What are DA2 and MA franchises?

Dragon Age 2 and Mass Effect (ME) games published by Electronic Arts and made by Bioware game designers.

1 Like

I’m ashamed I didn’t get that.

3 Likes

As you should be! :stuck_out_tongue_winking_eye:

But yeah, I think @kaos is on point. There’s nothing more frustrating than wanting to react a certain way and not being able to due to personality stats. Even super nice people can get irate or lash out under the proper circumstances, just as someone who’s normally nasty can be nice and sweet.
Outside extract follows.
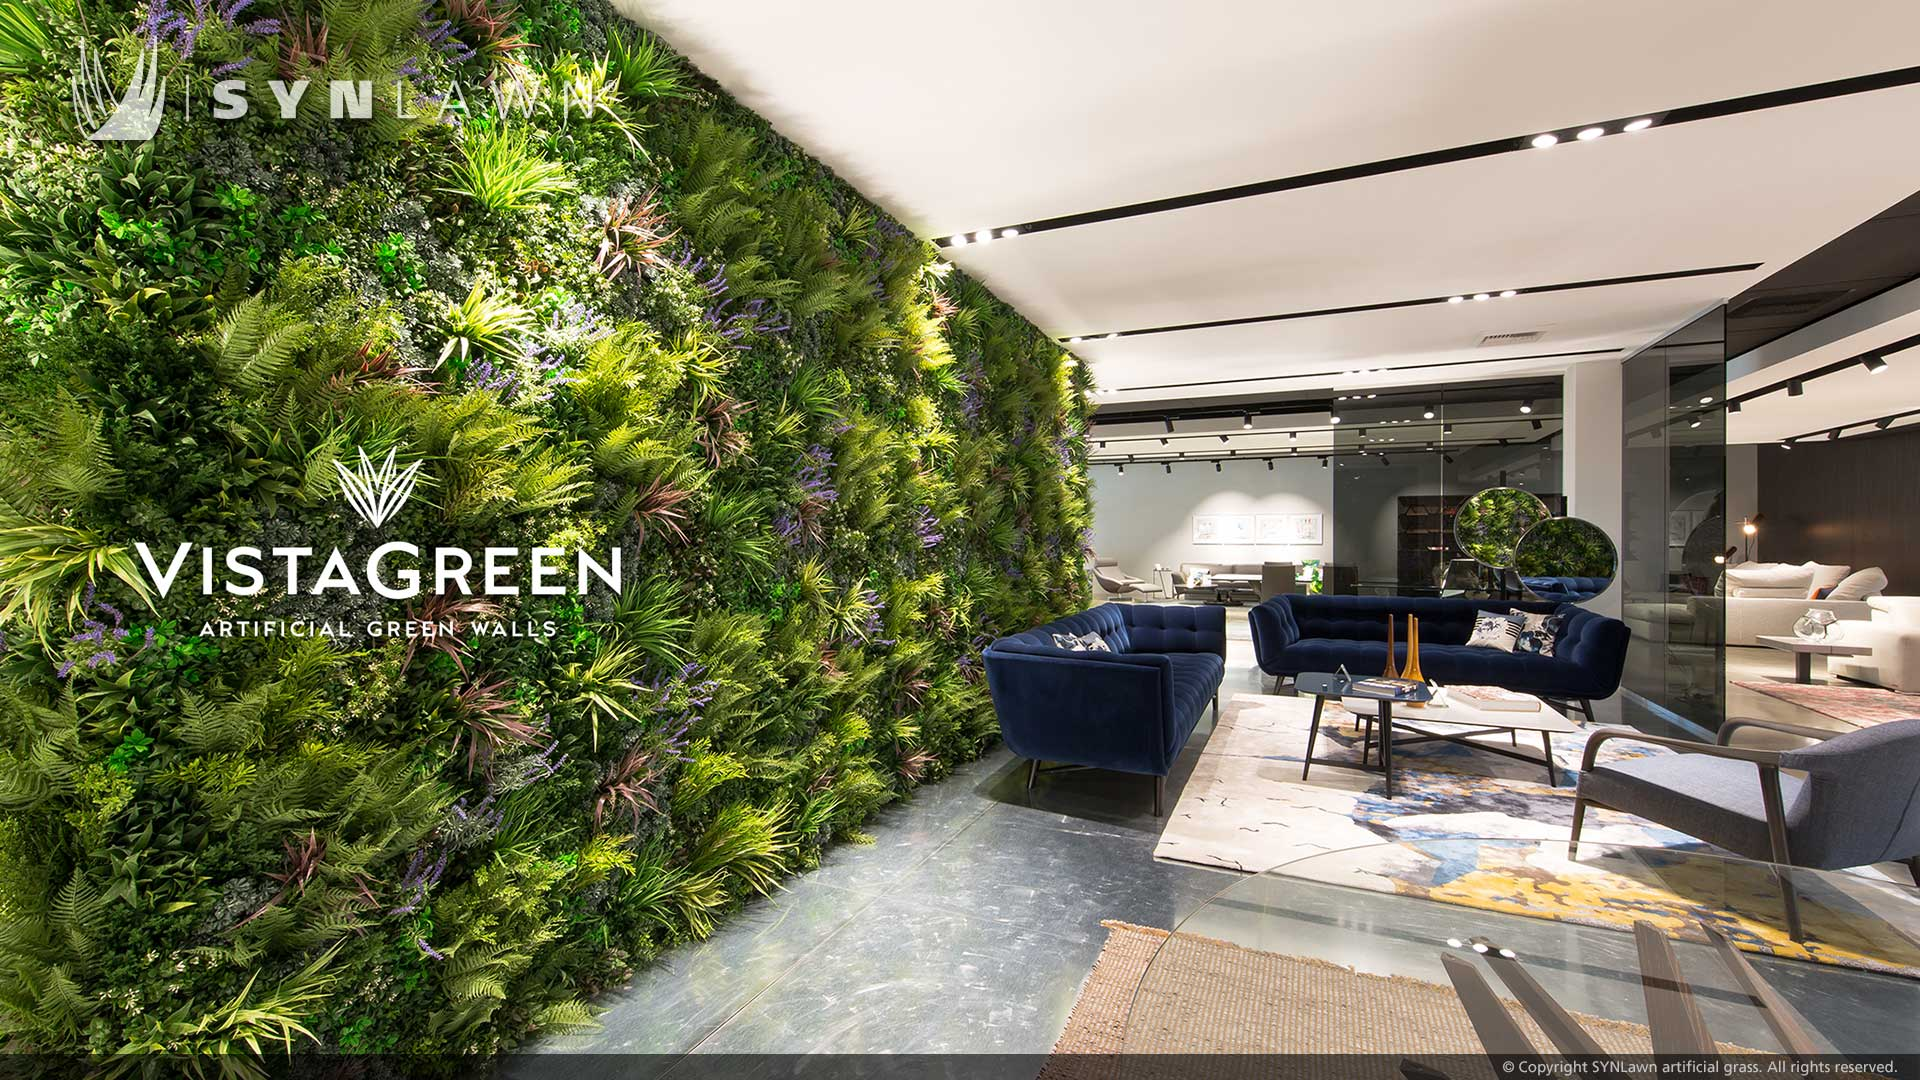 Vistagreen Artificial green walls

I like seeing my personality stats adjust of course, but I think their use in game should be primarily in affecting NPC responses and impressions of the player. For example, maybe you’re always lying and have a low honesty score. You can still choose to tell the truth, but whoever you’re talking to will be less likely to believe you. Conversely, someone who’s always honest would be believed. (I realize that another way to interpret that high honesty score would be that the MC is bad at lying, but I think that would require not an honesty stat but some kind of speech or deception skill. Similar, but different)

7 Likes

Basically this. I was just too bad at describing it. xD Sorry.

1 Like

I prefer players to define and role-play their own character without a reliance upon any stats. I’m a big fan of introducing fake choices in minor interactions to allow for the player to decide how they interact and respond to people at the micro-level (ie, the level of banal conversation, questioning, and small-talk); that allows for them to decide what character they want to play and gives them a bit of flavour without doing a load of convoluted branching.

For the macro-level, I use a lot of true and false variables to track the history of the player’s activities and relationships. Without trying to straightjacket the player, I also try to let what the player chooses to subtly influence some text they receive in the future. For example, if the player chose a dialogue option in a more significant interaction that involved them stammering when placed under pressure, I will refer to them blushing and feeling their speech grow pressured in several future encounters. If they keep doing this, it will be noticed and remarked upon by other characters (and may open up or close other options).

This avoids stats and its sad constraint upon roleplaying whilst still allowing for some branching of the story.

9 Likes

Thank you for your responses so far guys :blush:

Fair play :slightly_smiling_face:

You are making sense, don’t worry - and that’s what I’m planning to do, the stats are less to affect what you can say and more how other characters respond to you. Personally, I like seeing all variables my character is described by the game - not everyone will though, it might break immersion and I’m still unsure how it will affect choices, it’s a flavour feature for now. I guess I could hide the sheet, and those who wanted to could dig in.

Yesss, stats are so much easier and I can view them anytime.

A reputation stat and a speech skill :slight_smile: doable but I think it would work best for rpgs that involve a group of people or entire countries/cities. Baldur’s Gate 2 had a reputation stat but it was simplistic - you got a number that was based on the amount of good/bad things you did. Nothing sophisticated as what you are known for or known to be like.

I agree I’m not going to add automatic players responses, other than the dialogue they get to choose. It would even be possible to input text with keywords recognized by npcs, but that sounds like a nightmare to make and the only games that played with that still made it feel as if you had to say something pre-determined, it’s defeating the purpose unless you keyword dictionary.
I like your explanation on how to avoid rp constraint :slightly_smiling_face:

2 Likes

How about a stat percentage that alters the narrative after passing a “check” for a specific number? I find that to be something worth exploring.